Emagrecer, estudar, ler mais, economizar dinheiro, arrumar um novo emprego, parar de fumar, aprender algo novo, ser feliz, iniciar e/ou finalizar algum projeto, dentre outra infinidade de objetivos e desejos, que é claro, nós não desistimos de realizar, mas apenas deixamos para o próximo ano.
O mês de dezembro passa rápido como um cometa, levando consigo o resto de possibilidade e tempo para realizarmos tudo aquilo que planejamos e/ou prometemos para o ano em vigor. No entanto, chega o dia 31 com toda a sua magia e sedução, nos enchendo de esperança, pois se a terra deu uma volta inteira em sua órbita e começará novamente, porque nós também não podemos recomeçar? A passagem de um ano para o outro, carrega consigo toda uma simbologia, onde fatores culturais, sociais e até mesmo religiosos, recheiam os últimos dias do ano com um clima mágico e pretensioso, onde os nossos desejos ganham espaço para a esperança e renovação.

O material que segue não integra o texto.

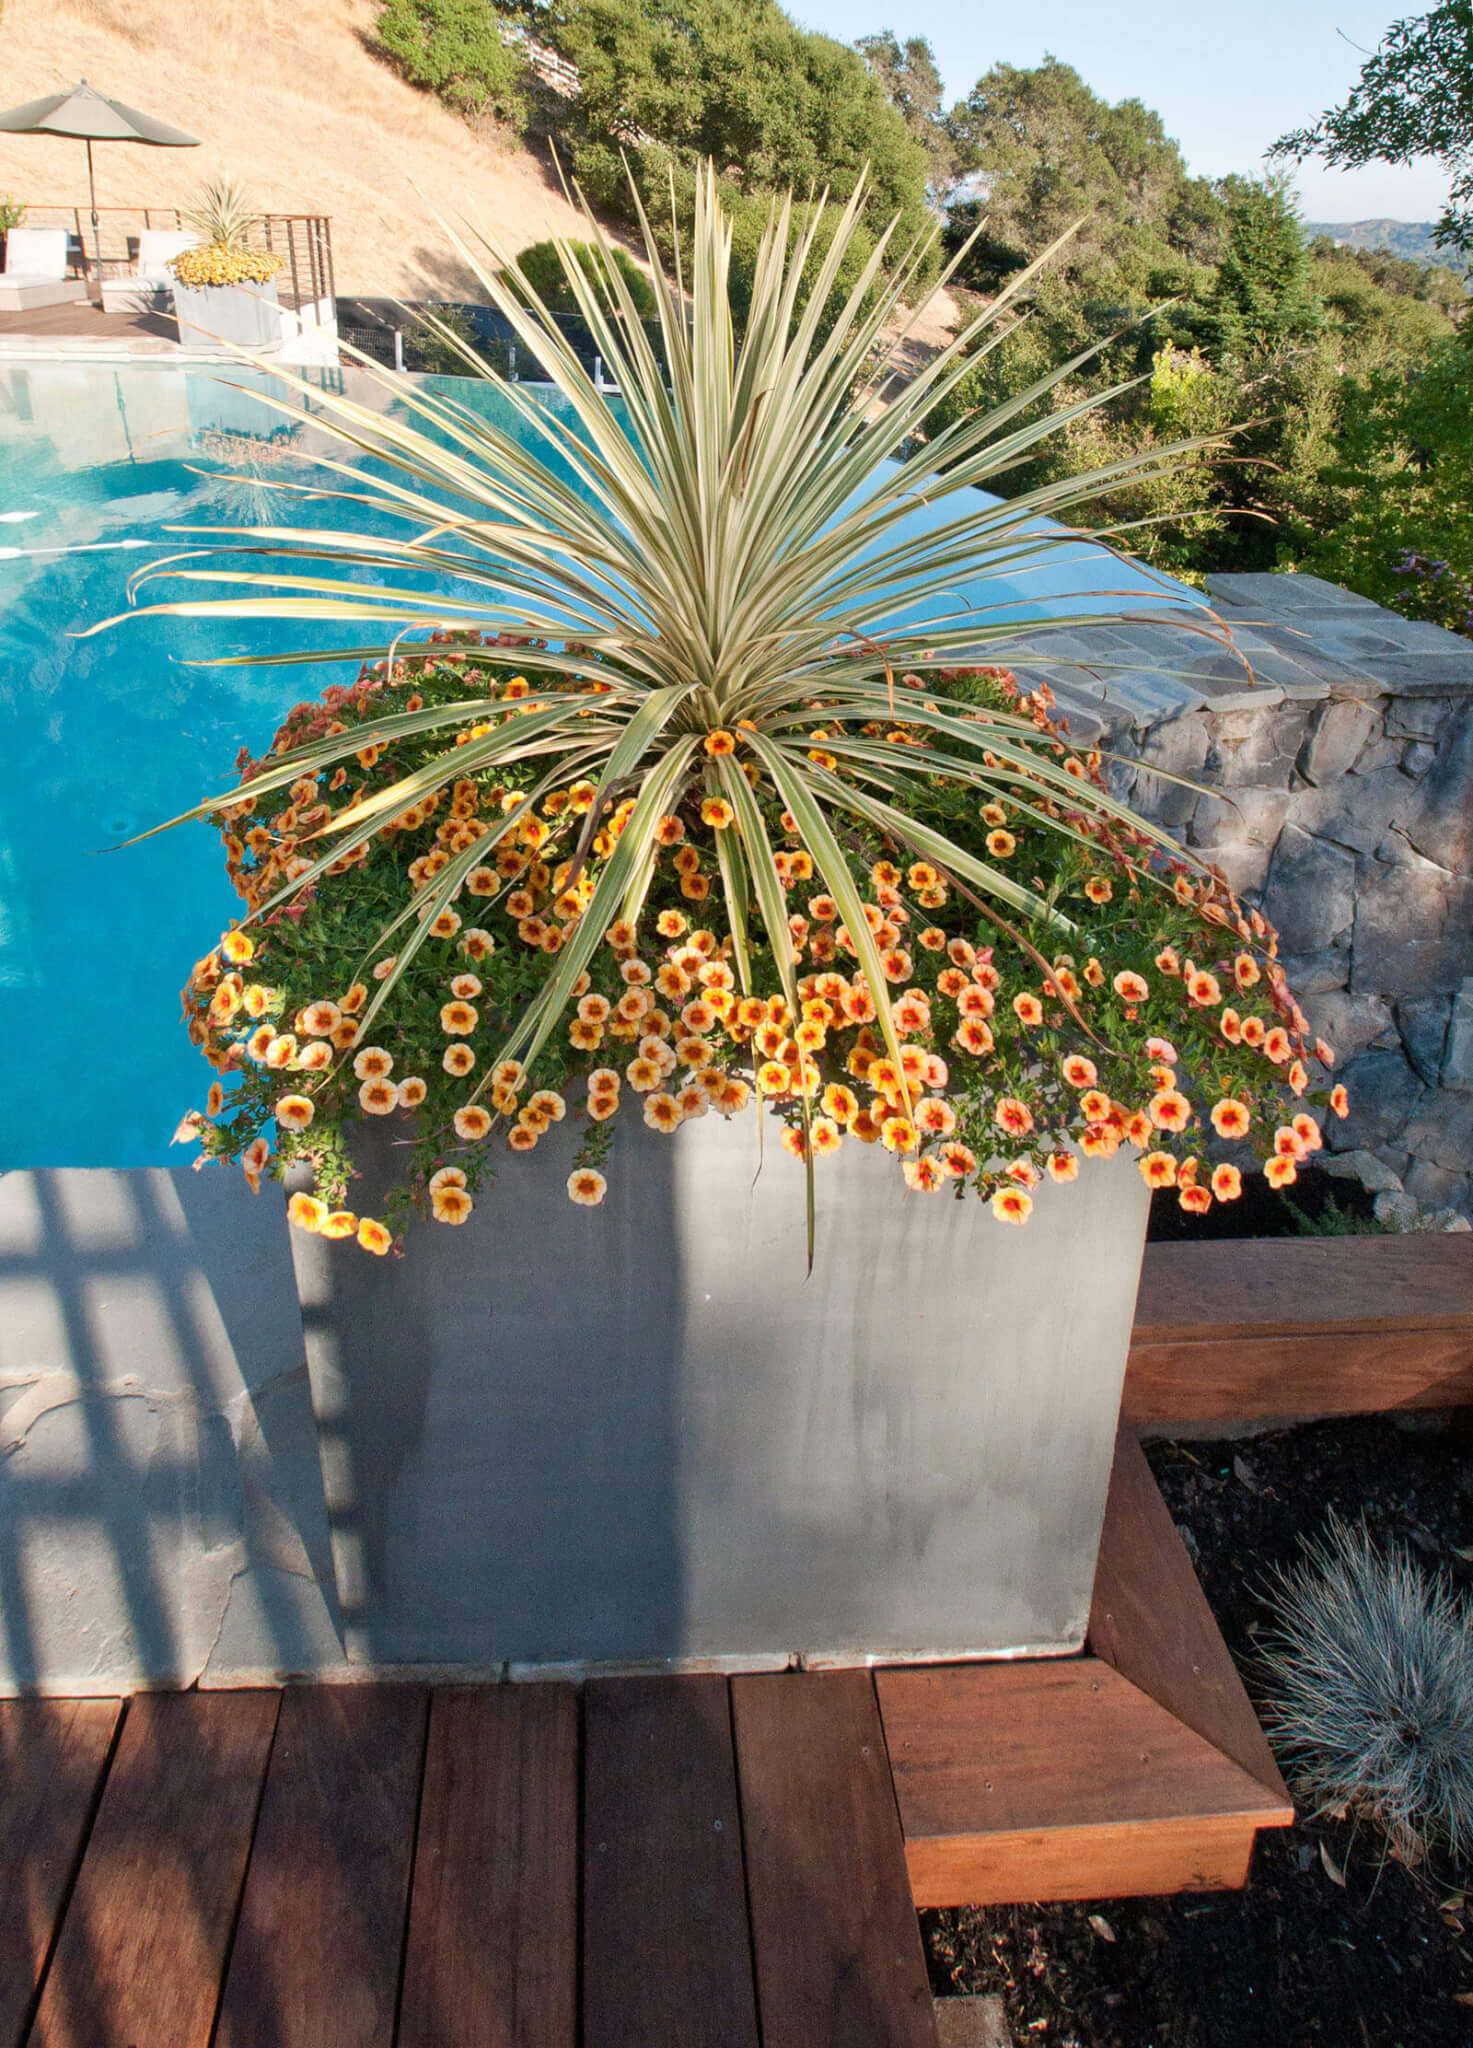 center shot of cubed stone flowerpot in front of an edge-less pool, overflowing with bright vibrant flowers

É claro que algumas pessoas conseguem realizar os objetivos e promessas realizados no período de ano novo, no entanto, não é novidade que para a maioria da população, cumprir as promessas feitas nesta época do ano é algo pouco provável. Isso porque, algumas pessoas tendem a ir de um extremo ao outro, prometendo coisas difíceis de se concretizar, sem desenhar o caminho que precisam percorrer para chegarem até lá. Além disso, também existe a falta de autoconhecimento como fator determinante para a realização ou não das promessas realizadas, pois sem autoconhecimento, nós ficamos sujeitos a prometer coisas que não temos condições e/ou estrutura para cumprir, e até mesmo coisas que no fundo, não são coerentes com quem somos e com o que é verdadeiramente capaz de nos fazer feliz.
É como se o final do ano, fosse uma grande postergação coletiva, de coisas que exigem um elevado custo de resposta, organização e disciplina para serem realizadas, mas que tornamos a deixar para depois, sem olhar com atenção para essas questões estruturais que envolvem a realização das metas desejadas. Aprender algo novo, assim emagrecer por exemplo, estão no ranking de coisas mais desejadas nos finais de ano, de acordo com uma pesquisa divulgada pela revista Superinteressante, no entanto, observe que ambas as metas envolvem um alto custo de resposta do indivíduo que deseja realiza-las, como a busca de orientação técnica/profissional, investimento de tempo e dinheiro, além da prática contínua. Todas essas respostas inclusive, vão contra a nossa tendência natural de optar sempre pelo prazer e conforto, sem gastar energia.
Diante deste cenário, embora a realização das metas de fim de ano não sejam magicamente possíveis de se alcançar, é completamente natural e saudável pensarmos sobre a nossa trajetória no ano vigente e identificar possibilidades de conquistas e realizações. No entanto, como uma forma de não se frustrar com o não cumprimento das metas/promessas ao fim do próximo ano, experimente traçar os seus planos com base no autoconhecimento, identificando o que você realmente consegue realizar, ou o que você precisa construir antes para poder caminhar rumo aos seus objetivos. Caso você não tenha respostas suficientes para isso, talvez a busca de autoconhecimento seja uma meta interessante para se traçar e te ajudar a construir os seus próximos objetivos com mais qualidade, coerentes com a sua essência e capazes de serem realizados. Afinal de contas, ainda mais gostoso do que ganhar 365 dias novinhos em folhas para sonhar, é poder viver dia após dia, sabendo que estamos caminhando em pequenos passos, coerentes com aquilo que queremos e acreditamos.
A TOTUM deseja um excelente final de ano a todos (as) e que os votos de final de ano, sejam cheios de autoconhecimento e se transformem em futuras realizações!